Comparison of the predicted (sim.) change in growth rate (deletant − wild-type) with the experimentally measured (exp) growth rate change for the 20 manually studied gene deletants. MM denotes minimal medium; YPD is rich medium; n.a. means the reactions are not present in the iND750 model.

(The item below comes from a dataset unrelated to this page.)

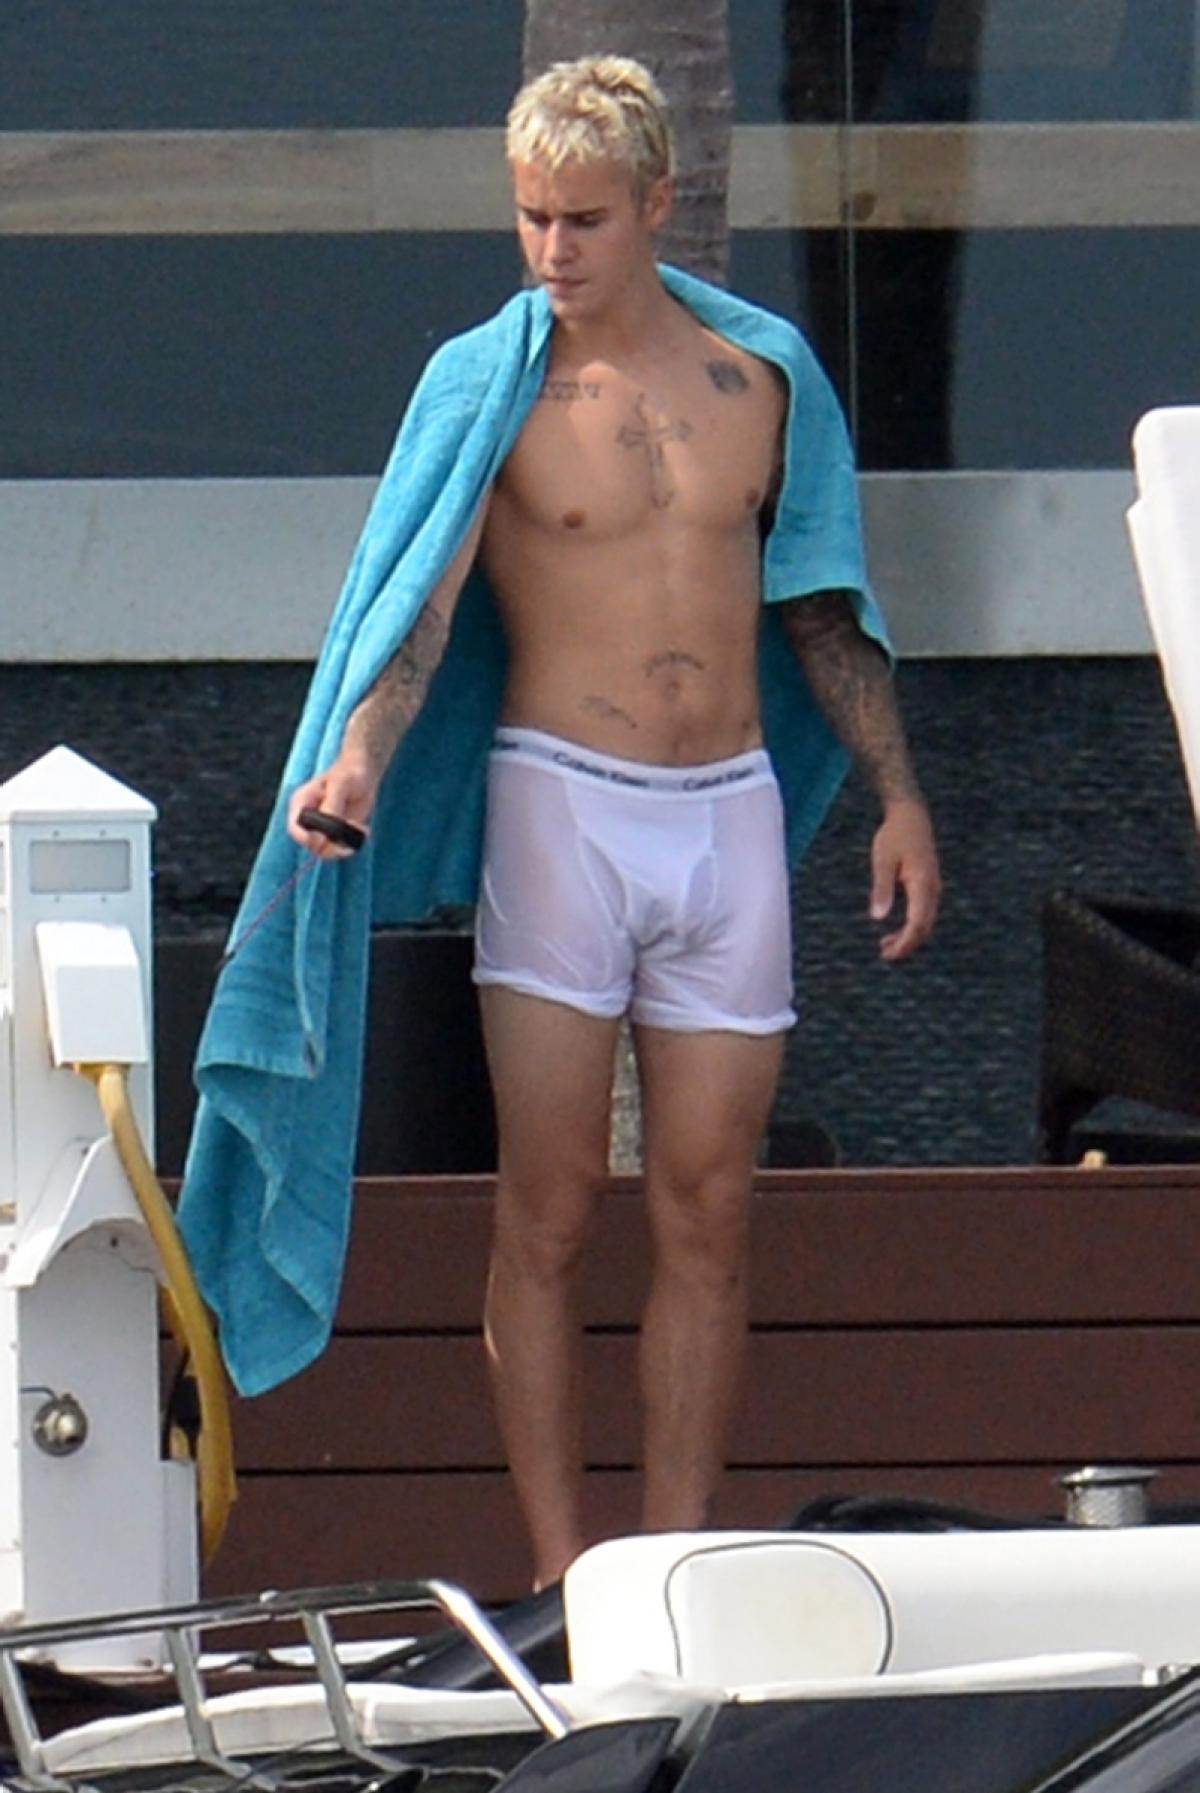 Justin Bieber Is Too Rude, His Twink Body Is Perfect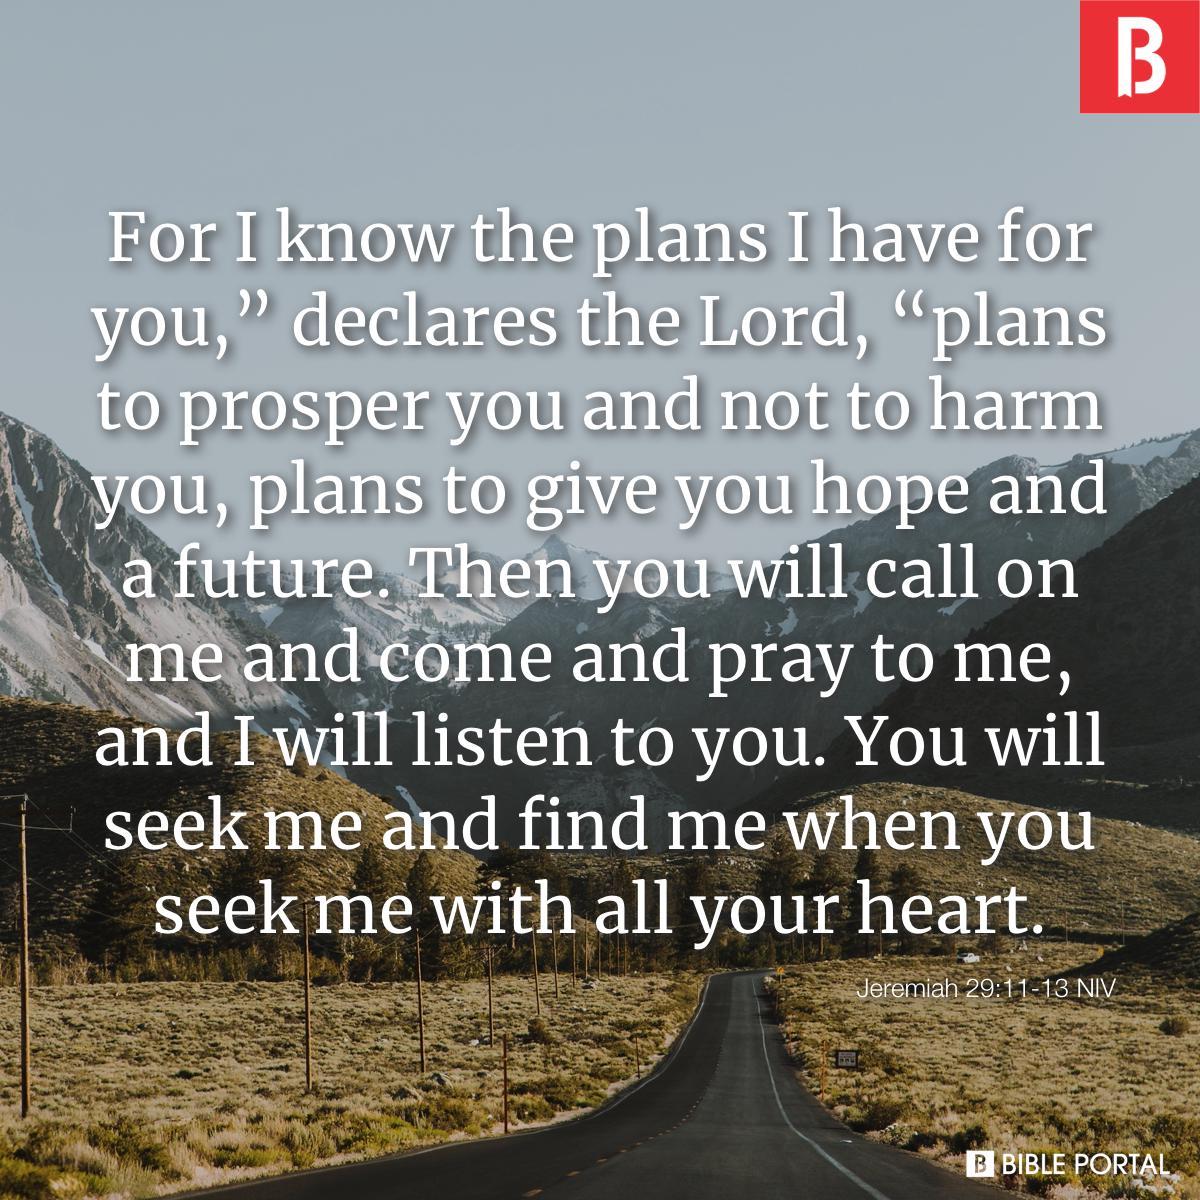 Bible verse of the day - January 13, 2022 - Jeremiah 29:11-13

| reaction ID in iND750 | deleted gene (open reading frame) | exp. DM | sim. DM | exp. YPD | sim. YPD |
|---|---|---|---|---|---|
| R_AATA | YER152C | 0.009 | −0.733 | 0.019 | −0.222 |
| R_AATA | YGL202W | −0.024 | −0.733 | 0.024 | −0.222 |
| R_AATA | YJL060W | 0.013 | −0.733 | 0.024 | −0.222 |
| R_AGAT_SC | YDL052C | 0.009 | −0.733 | 0.034 | −0.805 |
| R_FTHFCLm | YER183C | 0.022 | 0 | 0.014 | 0 |
| R_G6PDA | YGR248W | 0.017 | 0 | 0.007 | 0 |
| R_G6PDA | YHR163W | −0.222 | 0 | 0.005 | 0 |
| R_G6PDA | YNR034W | 0.023 | 0 | 0.028 | 0 |
| R_GLUN | YIL033C | −0.079 | 0 | −0.205 | 0 |
| R_M1PD | YNR073C | 0.016 | 0 | 0.024 | 0 |
| R_MACACI | YLL060C | 0.011 | 0 | 0.014 | 0 |
| R_POLYAO2 | YMR020W | 0.016 | 0 | 0.023 | 0 |
| R_PUNP1 | YLR017W | 0.003 | 0 | 0.008 | 0 |
| R_PUNP1 | YLR209C | 0.017 | 0 | 0.004 | 0 |
| R_PYDXK | YNR027W | 0.013 | 0 | 0.023 | 0 |
| R_PYDXK | YPR121W | 0.036 | 0 | 0.025 | 0 |
| R_SERATi | YJL218W | 0.015 | −0.733 | 0.038 | 0 |
| n.a. | YDL168W | 0.018 | 0 | 0.024 | 0 |
| n.a. | YJL045W | 0.016 | 0 | 0 | 0 |
| n.a. | YLR070C | 0.012 | 0 | 0.019 | 0 |
Figure 2.(a) The histogram shows the median observed differences in the growth rate of a knockout strain (k) and that of the wild-type (w) in both minimal and rich media; we used medians as they are more robust to outliers (black bars, k-w in minimal; grey bars, k-w in rich). (b) The histogram shows the median observed differences in global maximum OD between the knockout strain (k) and that of the wild-type (w) in both minimal and rich media (black bars, k-w in minimal; grey bars, k-w in rich). (c) The histogram shows the median observed differences in hours between the lag-time parameter of the wild-type grown in the presence of a nutrient and that of the wild-type grown on minimal medium (black bars).